Ed inizia il decennio forse meno apprezzato della storia del gioco.

Dopo la tripletta Lakers, sqaudre talentuose ma dal basso “carisma” mediatico si ritrovano a scontrarsi per il titolo; le squadre aumentano per la felicità  delle tasche di Stern ma il talento si diluisce.

E poi arrivano le prime, primissime cocenti delusioni negli incontri internazionali dove il Dream Team, rappresentanza del meraviglioso mondo NBA, profeta di quell'olimpo incontrastato, perde.
Non solo perde, perde malissimo, cominciando a sgretolare quell'alone di invincibilità  che era costato ben 50 anni di gloriosa storia di basket a stelle e strisce.

Iniziano cosi le sequele di selezioni americane in cui si fanno veri e propri proclami, la vittoria come unico obbiettivo, nessuna sconfitta sarà  accettata e bla bla bla.
Un tempo non erano necessari proclami perchè avversari in primis, tutti sapevano che il solo traguardo raggiungibile era il secondo posto. Non c'era altro a disposizione.
Ma la storia è cosi che cambia, senza che i più se ne accorgano.

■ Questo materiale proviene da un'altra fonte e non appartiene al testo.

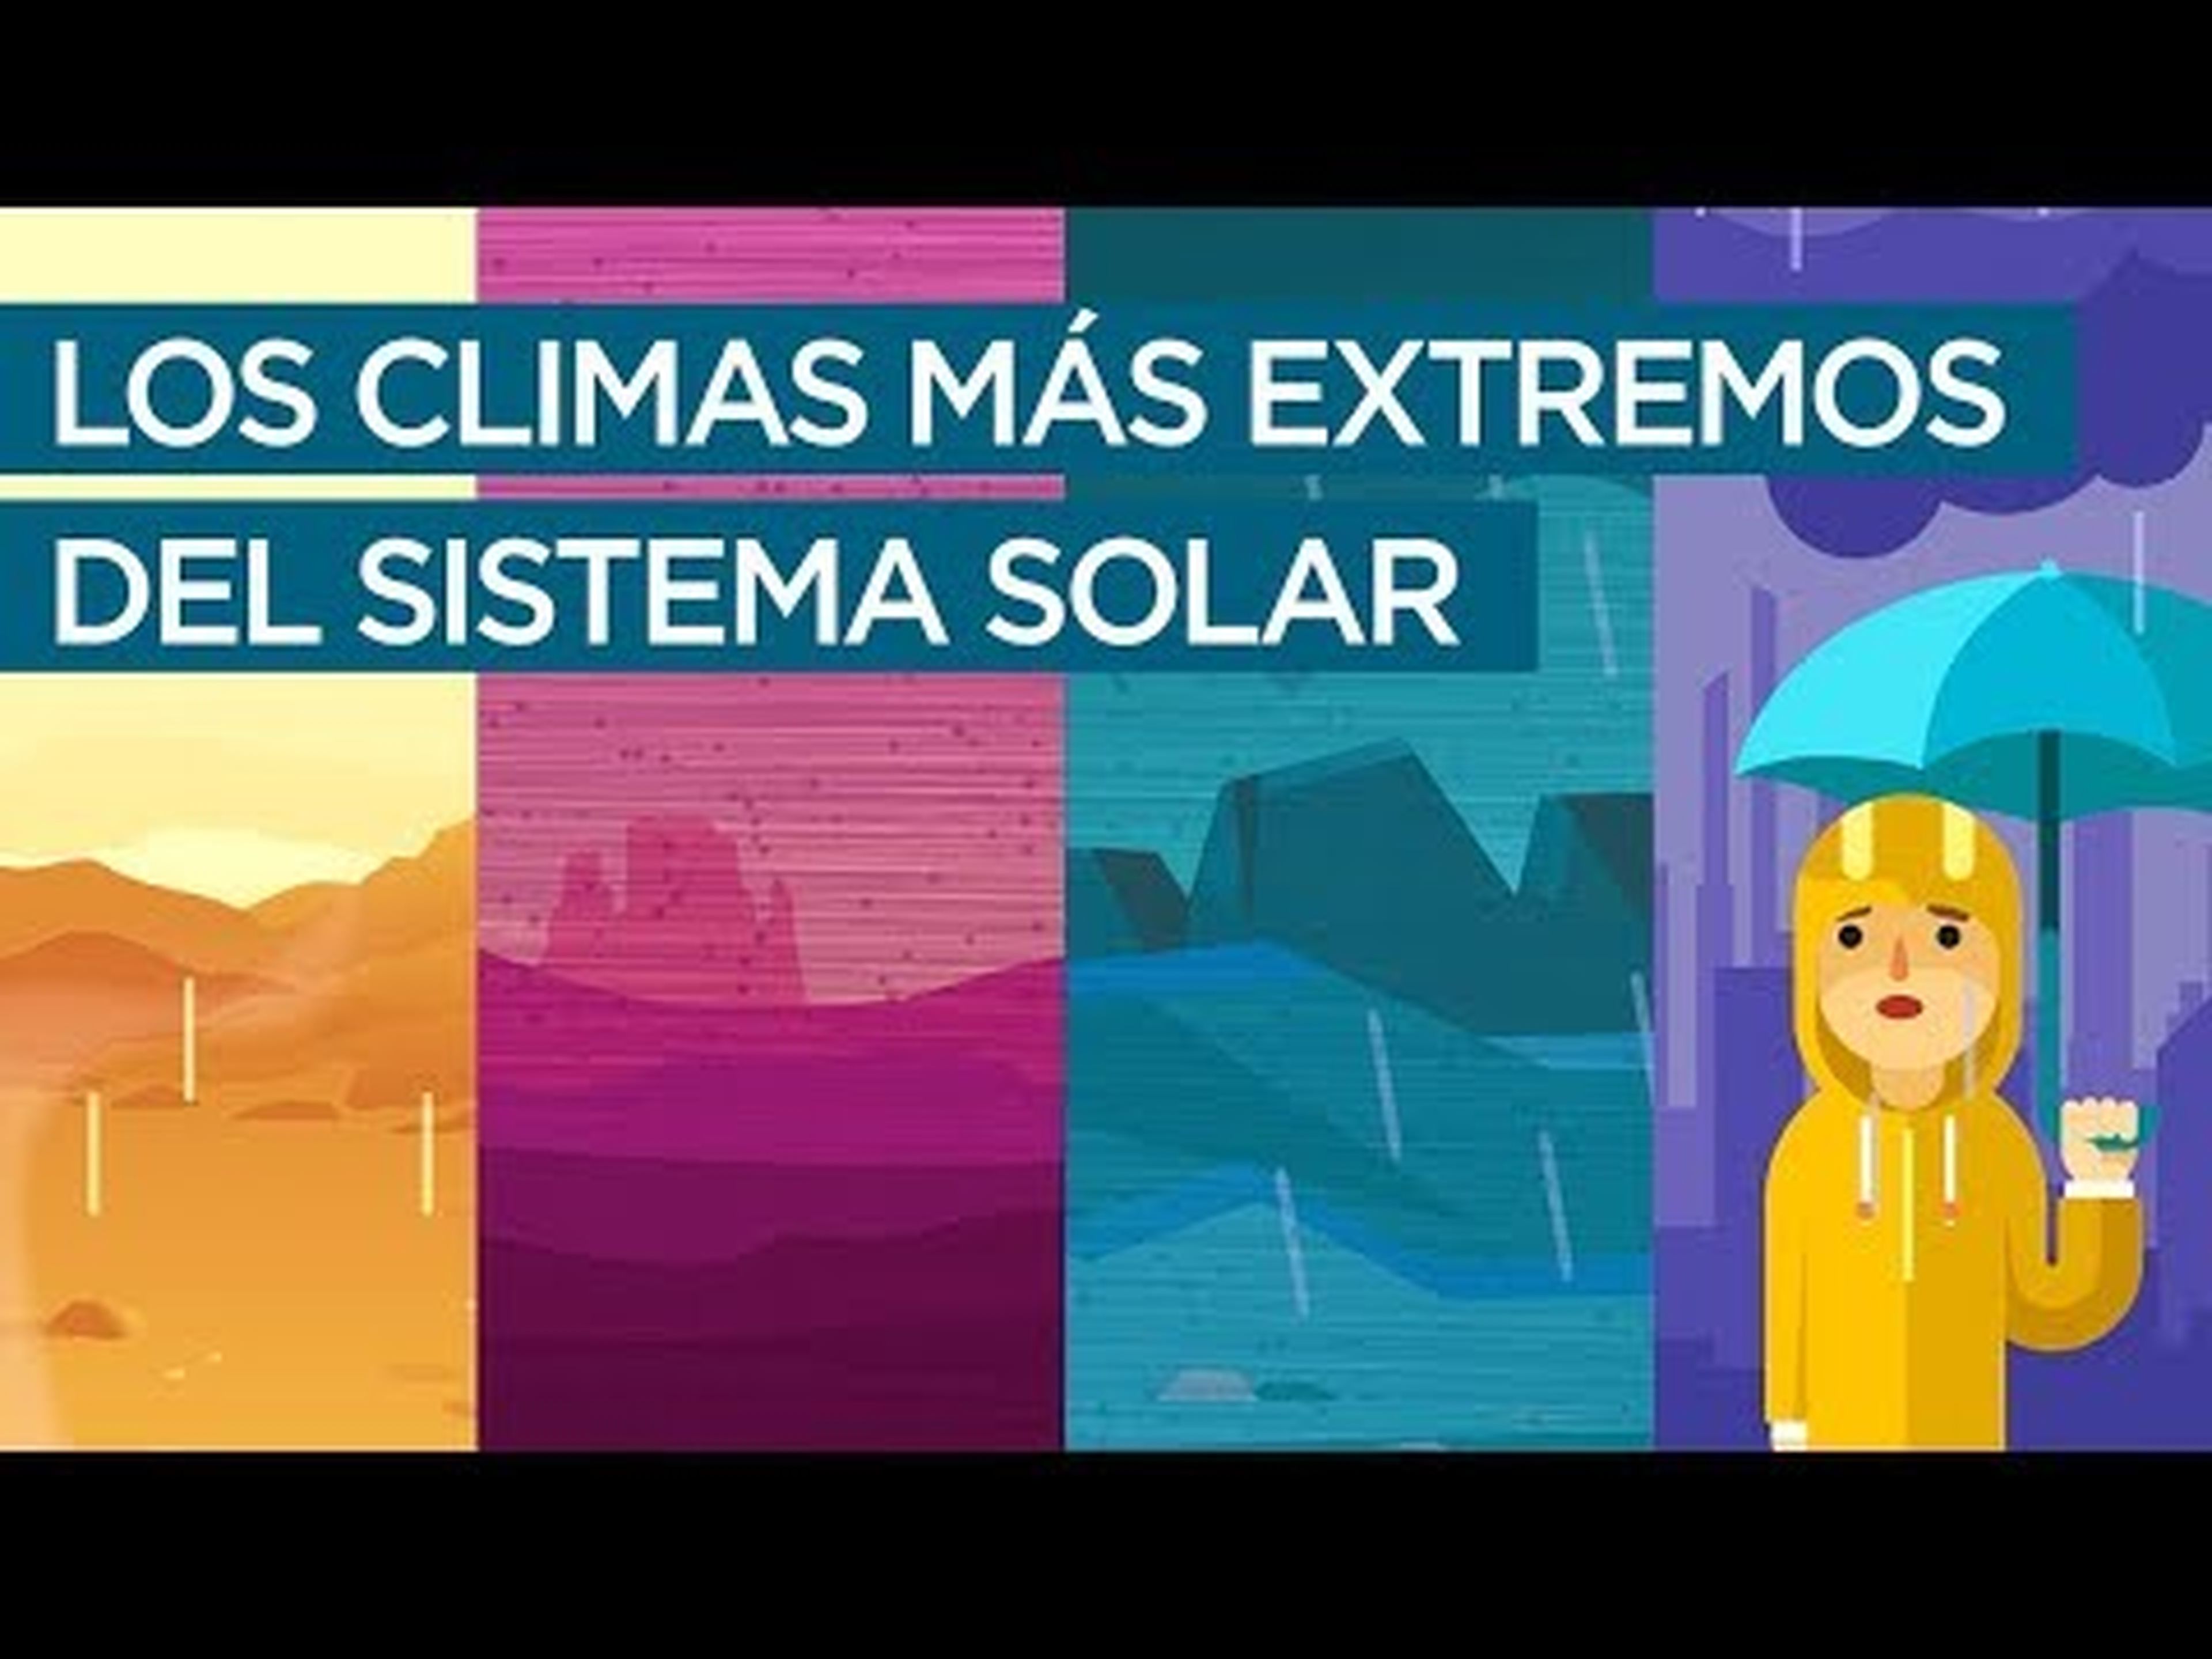 Los climas más extremos del sistema solar

Il Dream Team non è piu cosi da sogno e si cercano tutte le scuse possibili ed inimmaginabili; gli europei vanno e spopolano nella lega; qualcuno comincia a farsi domande su cosa si possa fare per porre rimedio a questa marea ed il meccanismo che scatta non può più essere bloccato.

Alla fine anche alcuni giocatori americani, cominciano a pensare che non è più così cool giocare solo per gli States e iniziano le naturalizzazioni per giocare in nazionali straniere. Gli oriundi provenienti dall'NBA.

In fondo anche in Europa si gioca a basket e perchè no, anche io voglio andare alle Olimpiadi anche se non mi hanno chiamato nella squadra dei sogni. Che poi magari quella squadra da sogno riesco anche a batterla con un po' di rispetto in più per l'evento glorioso che andrò ad affrontare, talmente storico che la storia stessa della NBA sbiadisce al confronto.

Ma non è tutto.
I giocatori europei che prima anelavano ad un posto in una franchigia oltreoceano, iniziano a domandarsi se sia veramente necessario.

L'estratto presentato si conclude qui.